How many piano tuners are there in New York City? I guessed 50, after thinking about it for a minute or so.

It’s a bizarrely random question that the author of a book I’m currently reading, Range, mentioned encountering on a university chemistry exam. Chemistry. And he figured it was a good thing. Most of his classmates did not!

Three days ago I’d never heard of Tennessee’s Remnant Church, nor of Gwen Shamblin. But that was before I watched the new three-part documentary The Way Down : God, Greed and The Cult of Gwen Shamblin. I mention the two things because it occurs to me that both of them really bring up an interesting point – by and large we’re smarter than ever, but not necessarily able to think well.

Shamblin was a lady whose weight had fluctuated wildly when young.
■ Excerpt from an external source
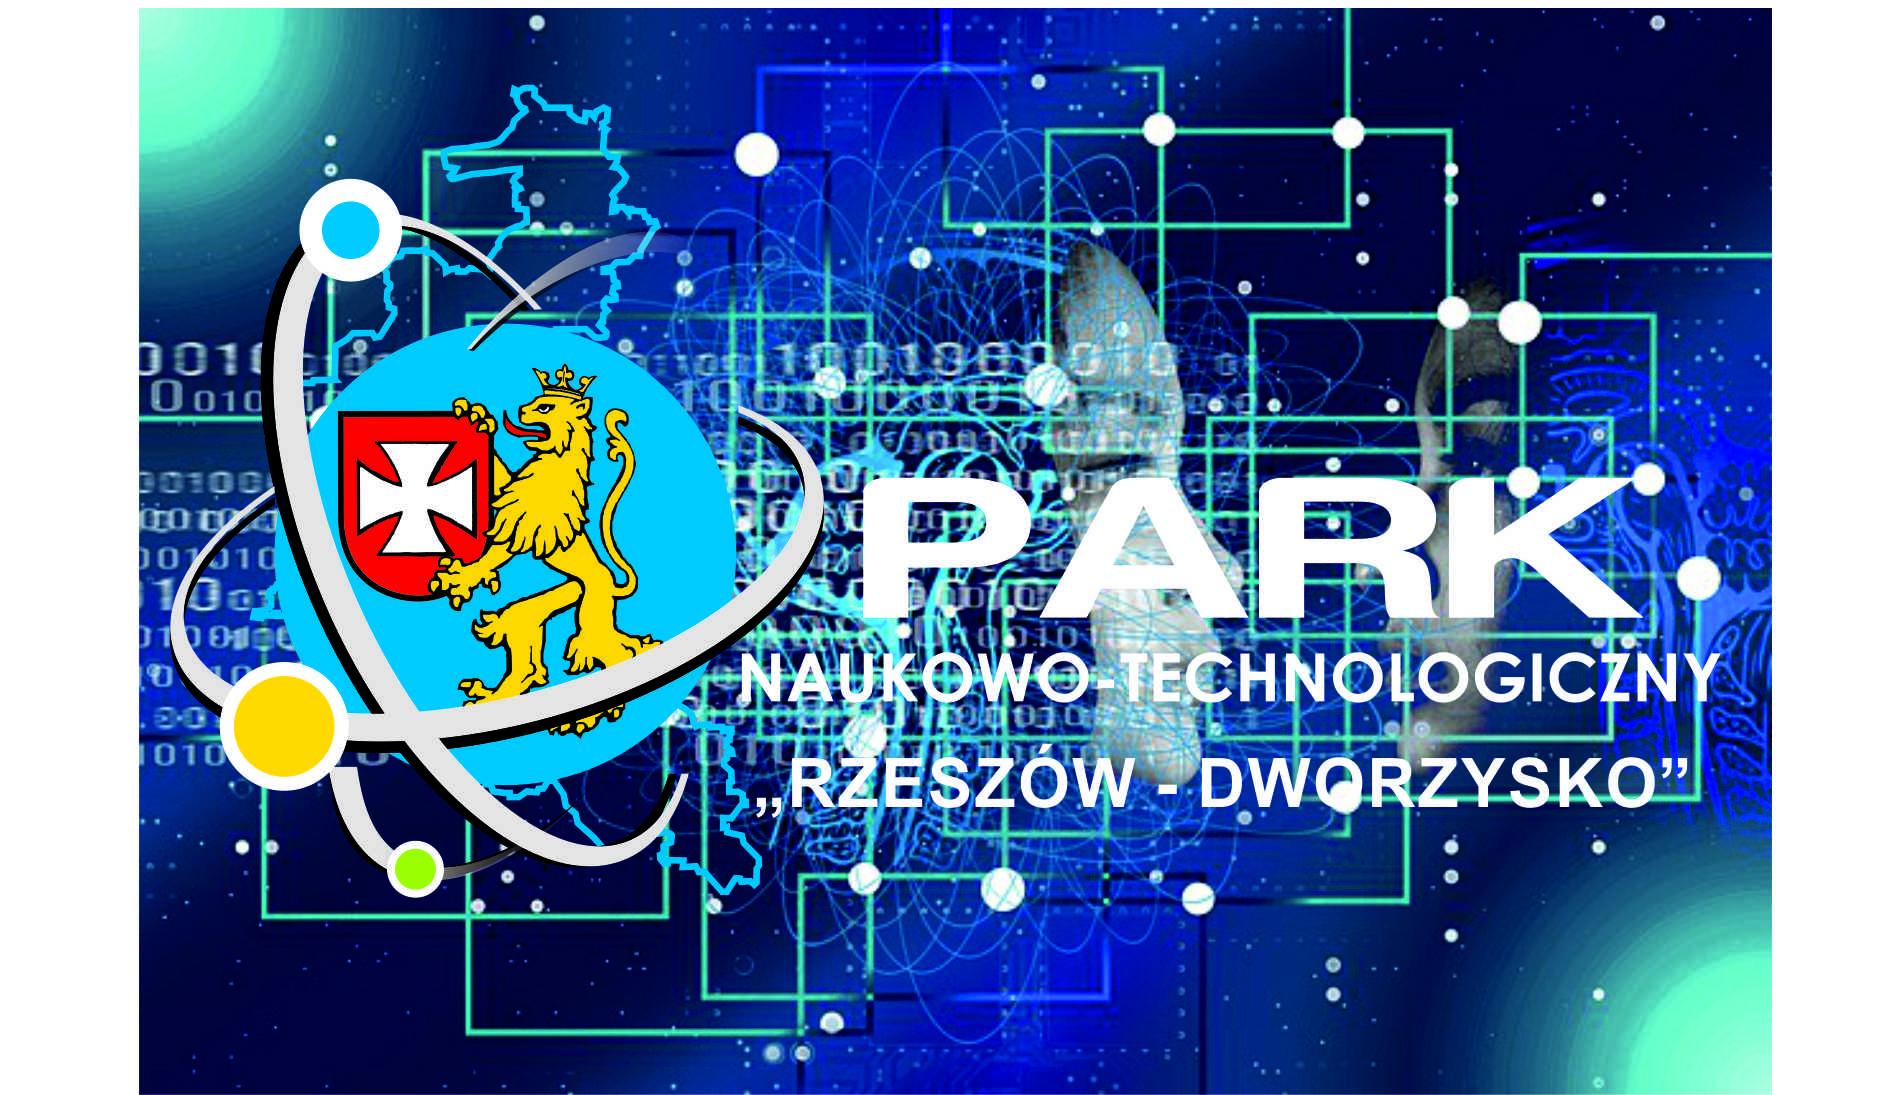 """Ogłoszenie przetargu na sprzedaż nieruchomości na terenie Parku Naukowo-Technologicznego """"Rzeszów-Dworzysko"""""""

Perhaps as a result, she studied nutrition and chemistry at university. In the 1980s, she began to write books and run seminars on weight loss, called “Weigh Down.” The gist of it seemed to be, at the time, to not eat unless you were really, really hungry. Exercise, portion control and food type didn’t seem to matter much to her so long as one only ate when they really heard their stomach growl. She was raised as a conservative Christian, and probably prayed upon it , or at least we’ll give her the benefit of the doubt and assume she did. She found that her message was more accepted if she added in a suggestion to pray to God that He lift the pounds off you and keep you slim. Once she did this, she found that many churches, especially in the American South started offering her workshops to their congregation. Business boomed.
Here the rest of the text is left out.